* **Problem to work on**
Repeat the data exactly. Pictures are not part of the copy.
*** Given data Section Begins ***
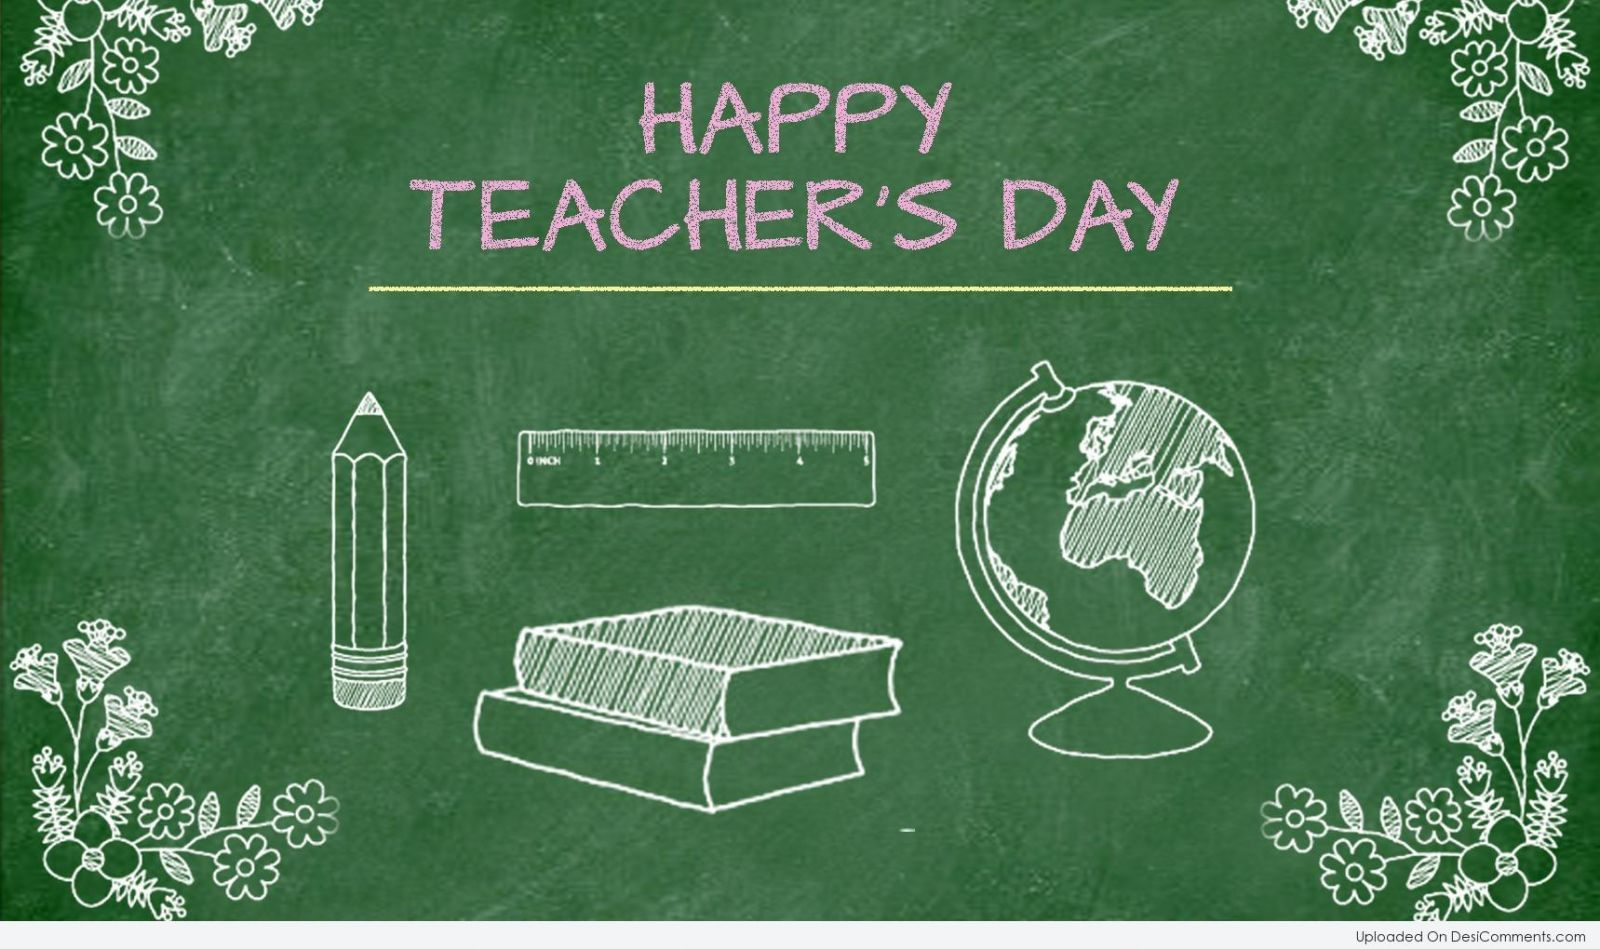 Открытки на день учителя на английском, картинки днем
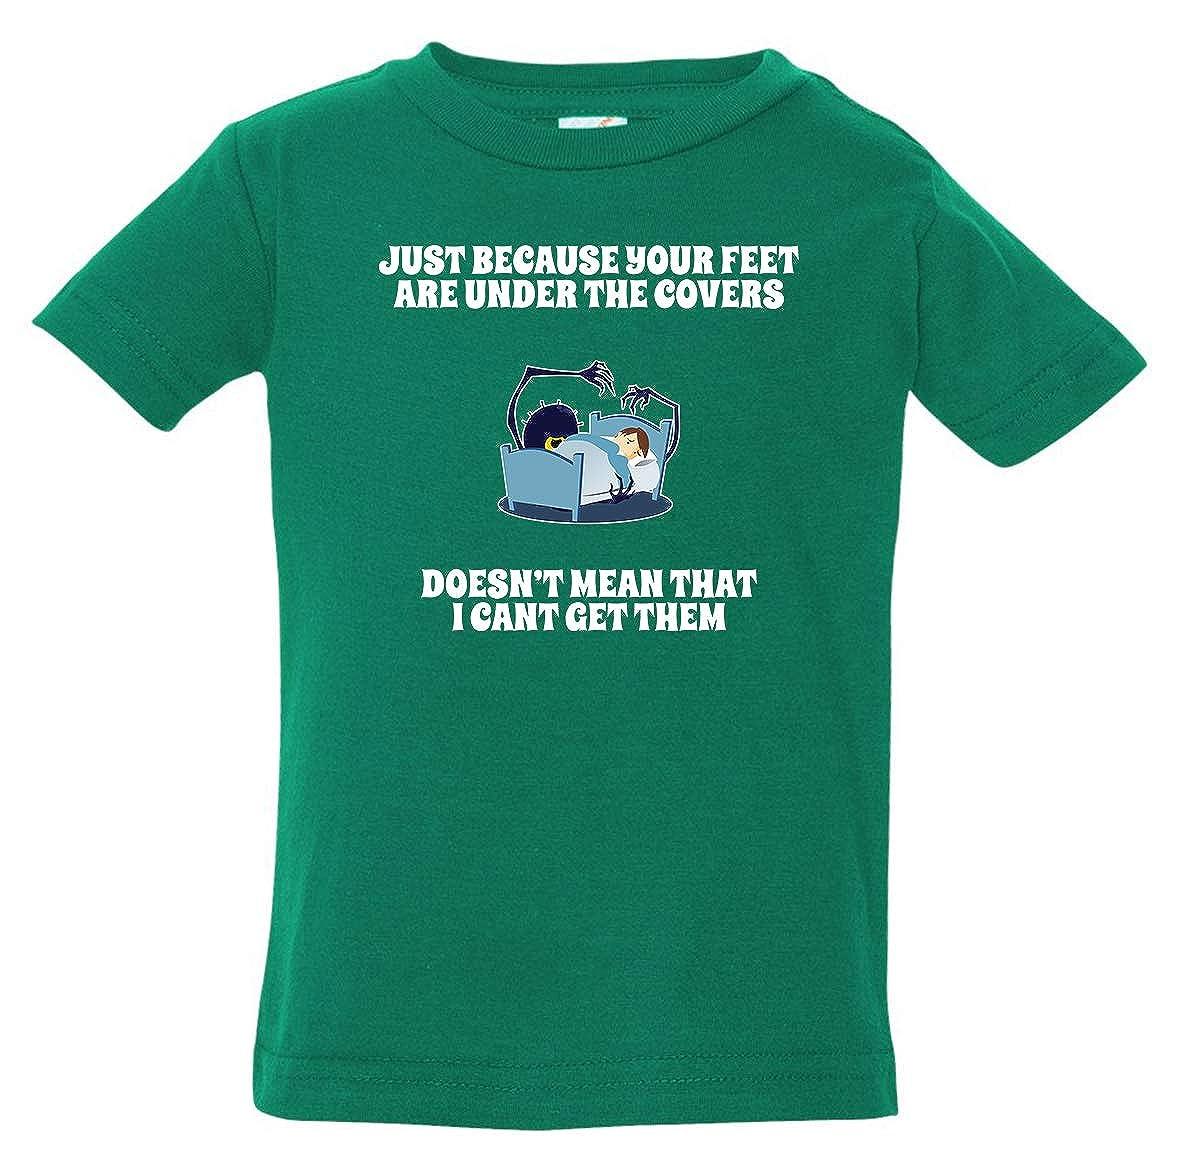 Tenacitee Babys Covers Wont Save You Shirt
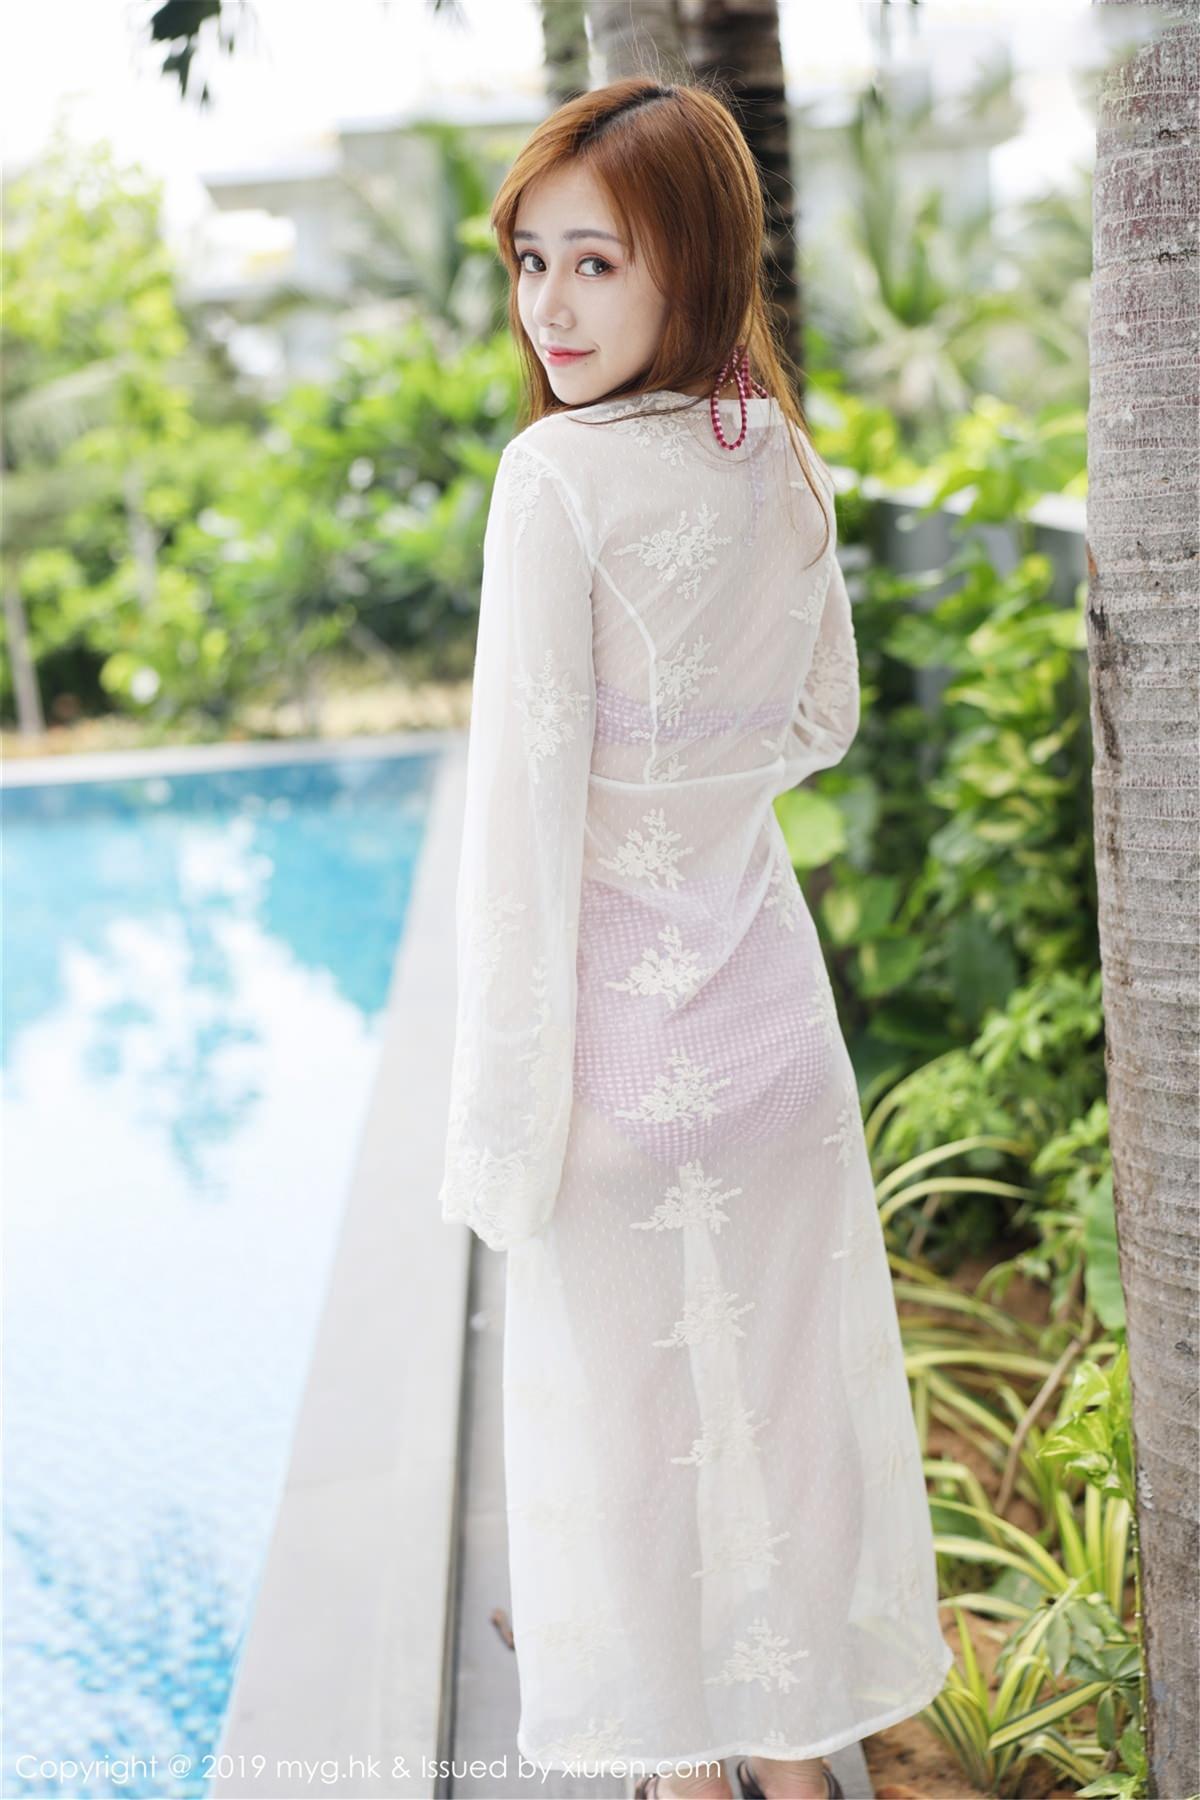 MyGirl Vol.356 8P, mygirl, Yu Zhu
*** Given data Section Ends ***
* **Response area**
 Открытки на день учителя на английском, картинки днем
 Tenacitee Babys Covers Wont Save You Shirt
 MyGirl Vol.356 8P, mygirl, Yu Zhu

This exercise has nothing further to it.